Bigger Picture: Health and Societal Effects
Obesity is connected to heart disease, diabetes, and cancer, and it is therefore essential to find effective treatment. However, loss of weight can be used to counteract blood pressure, lipid and glucose control gains. These risks were replicated by regained weight, which was observed in a previous semaglutide trial.
All over the world, as obesity reaches unprecedented levels, drugs are the solution–though not a magic bullet. Prescriptions emphasize drug therapy in conjunction with lifestyle changes but most of them fail to stick to this regimen because of side effects, affordability or unavailability. This study highlights the fact to have continued support to avoid rebound.
Practical Tips on Preventing the Rebound
Don’t ditch your meds without a plan. Minimizing regain can be done this way:
Reduce gradually: In a combination, reduce drugs and increase habits with the help of your doctor.

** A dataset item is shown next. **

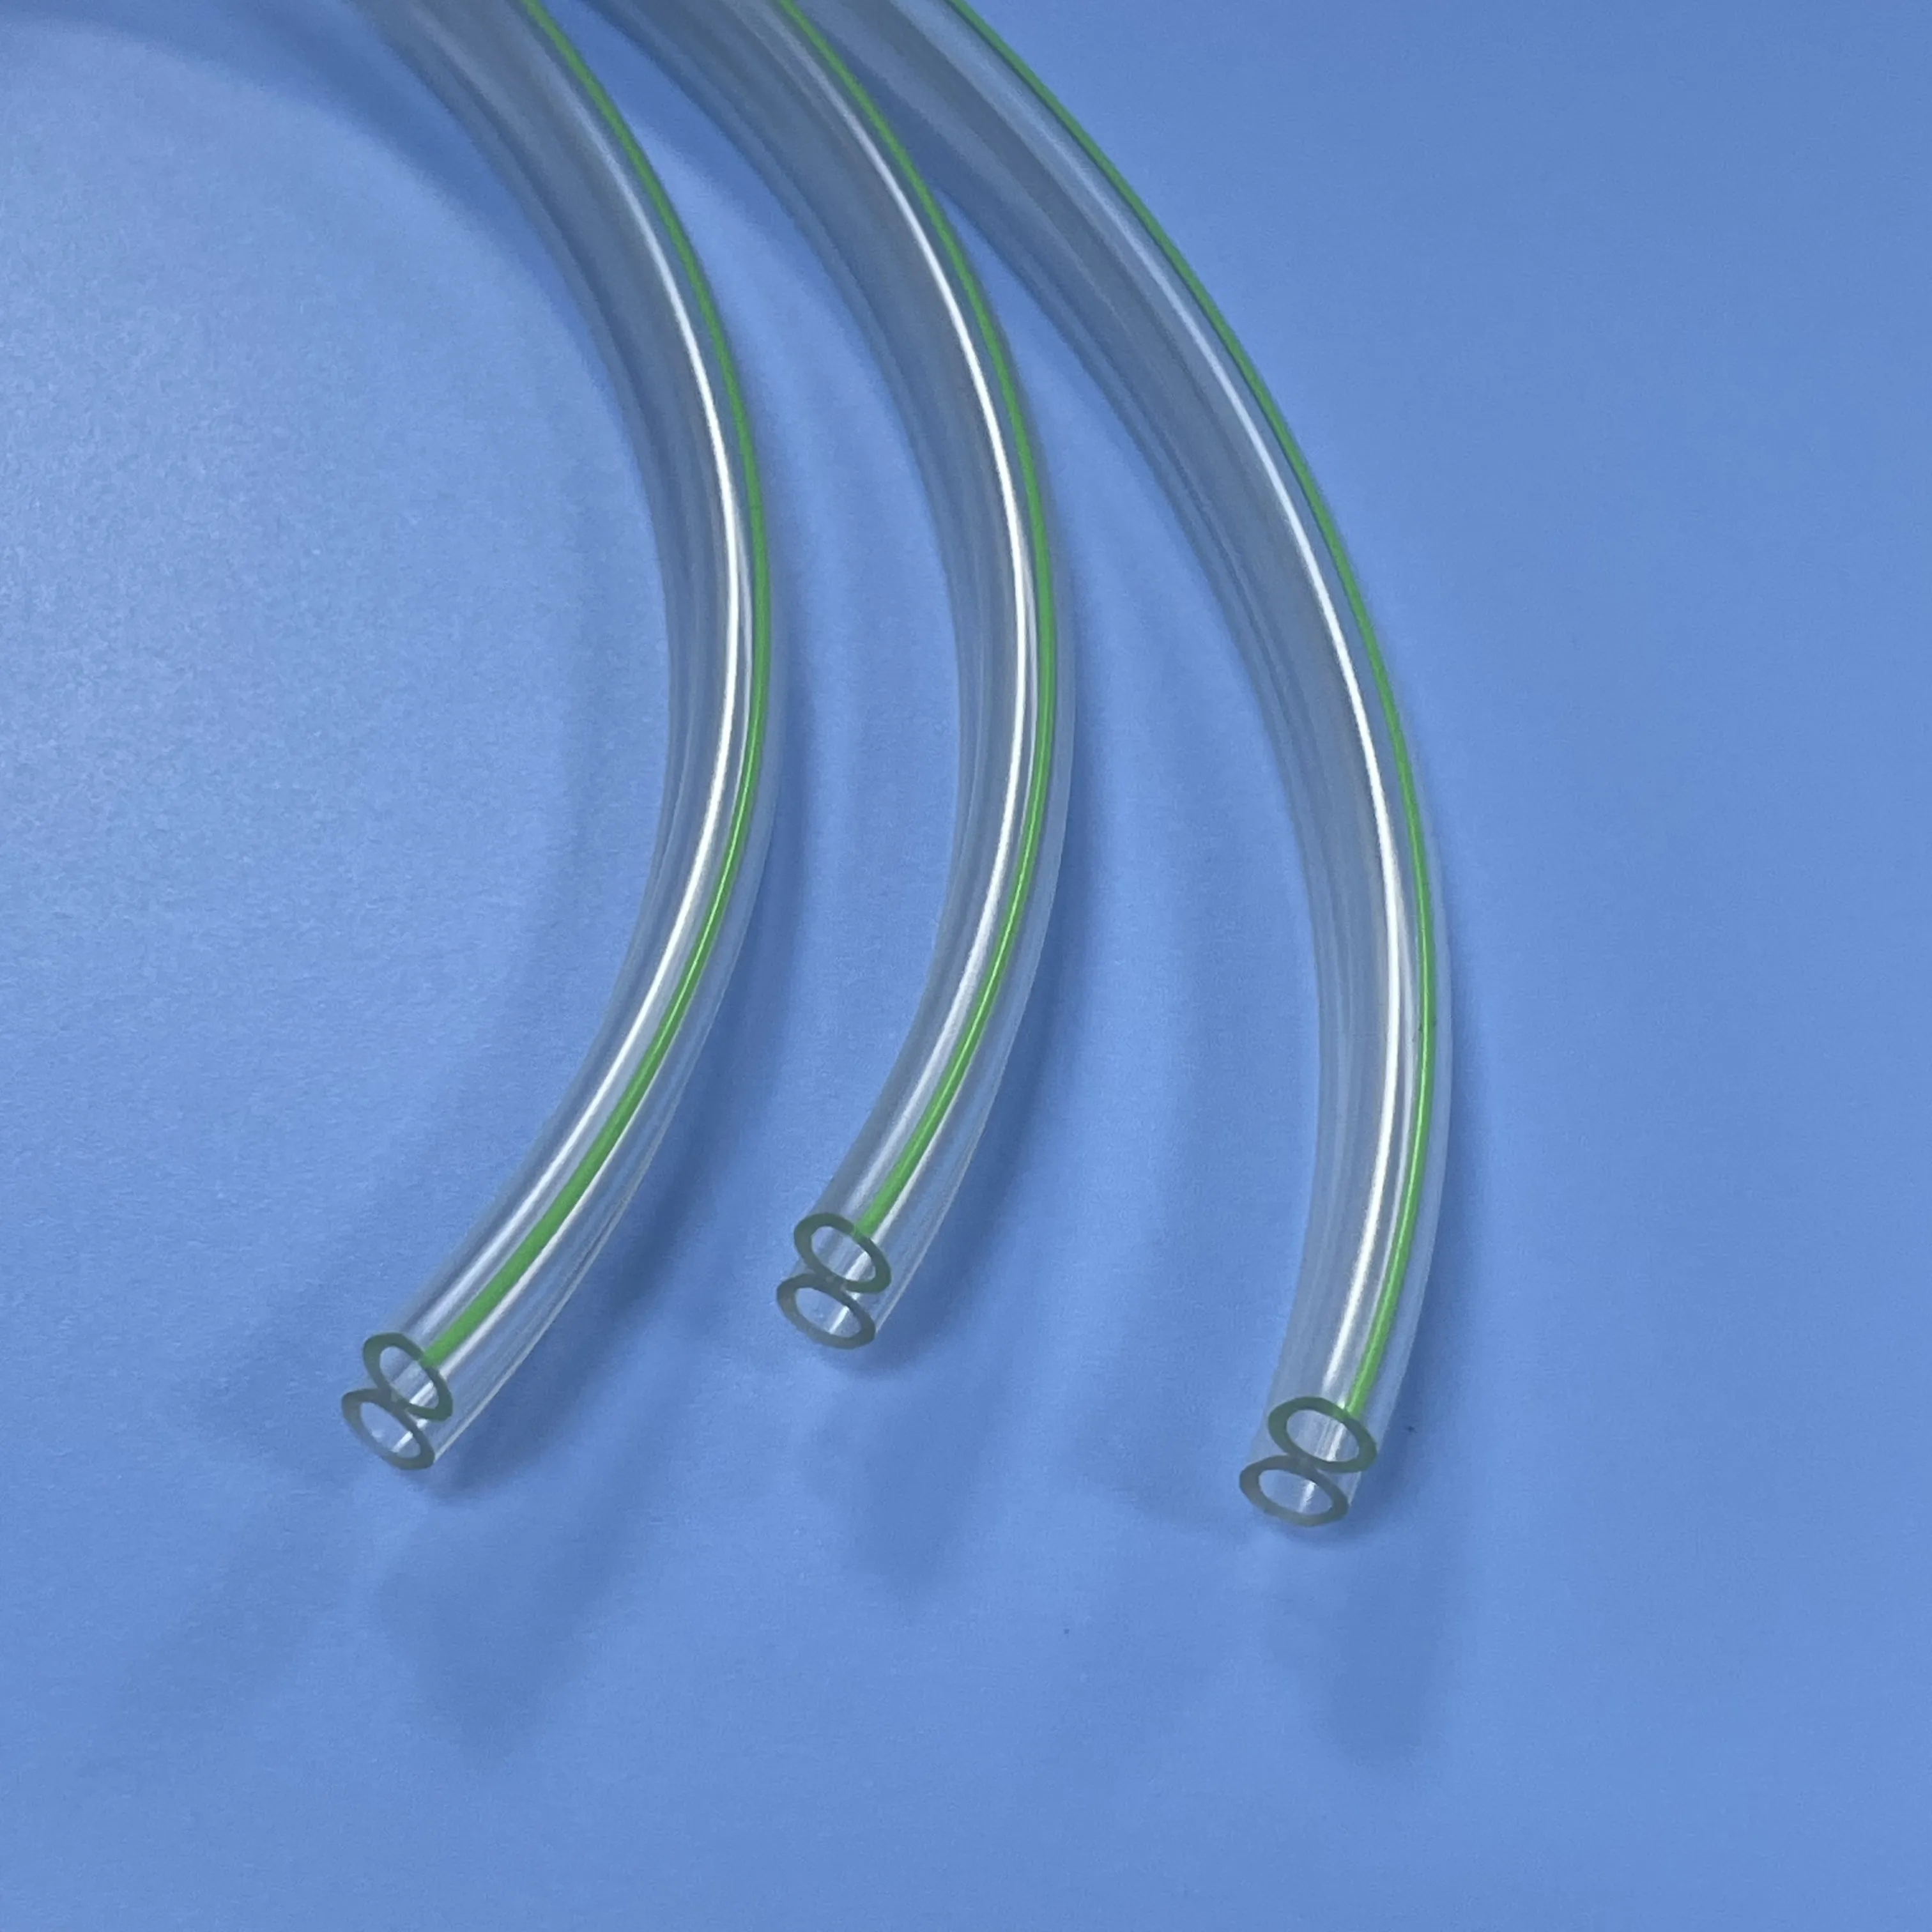 Su misura estrusione monouso in PVC morbido doppio canale tubi per sensore linea dispositivo medico accessorio

Maintain Lifestyle Change: Diet and exercise: they are important, and studies demonstrate that they keep losses stable.
Monitor and Readjust: Weigh oneself every week; in case of regain, reconsider the quantity of calories consumed or the frequency of exercising.
Think About Options: Alternatives of changing medication or surgical procedures may be, in some cases, to maintain the effects.
Find Support: Form groups or get advice of nutritionists.
New and promising dual-agonists should appear (in tirzepatide), although long-term evidence is limited.

Constraints and Prospects
Most of the analyzes were short-term follow-up (up to 52 weeks), therefore, longer studies are necessary. There was high heterogeneity which might have been as a result of different types of drug and people. Generalization is limited by a majority of trials targeting severe obese states (BMI 35+).
Similar to this, future studies must seek out predictors of regain, such as genetics, or gut microbiome and study combination therapies to establish lasting results as well.
Hope on the Horizon
This meta-analysis is not a show-stopper it is a plan. The anti-obesity medications are magic and staying healthy needs dedication. Knowing the risks of rebound, patients and doctors can make more effective plans on a lifetime of health.
Whether you happen to be on these drugs or not, discuss the exit strategy with your healthcare provider. It is a rather long process, not a short race.
References & Resources:
Wu H, Yang W, Guo T, Cai X, Ji L. Trajectory of the body weight after drug discontinuation in the treatment of anti-obesity medications. BMC Medicine. 2025;23:398. doi:10.1186/s12916-025-04200-0
American Diabetes Association. Standards of Care in Diabetes — Obesity Management. Diabetes Care. 2022;45(Suppl 1):S113–S124.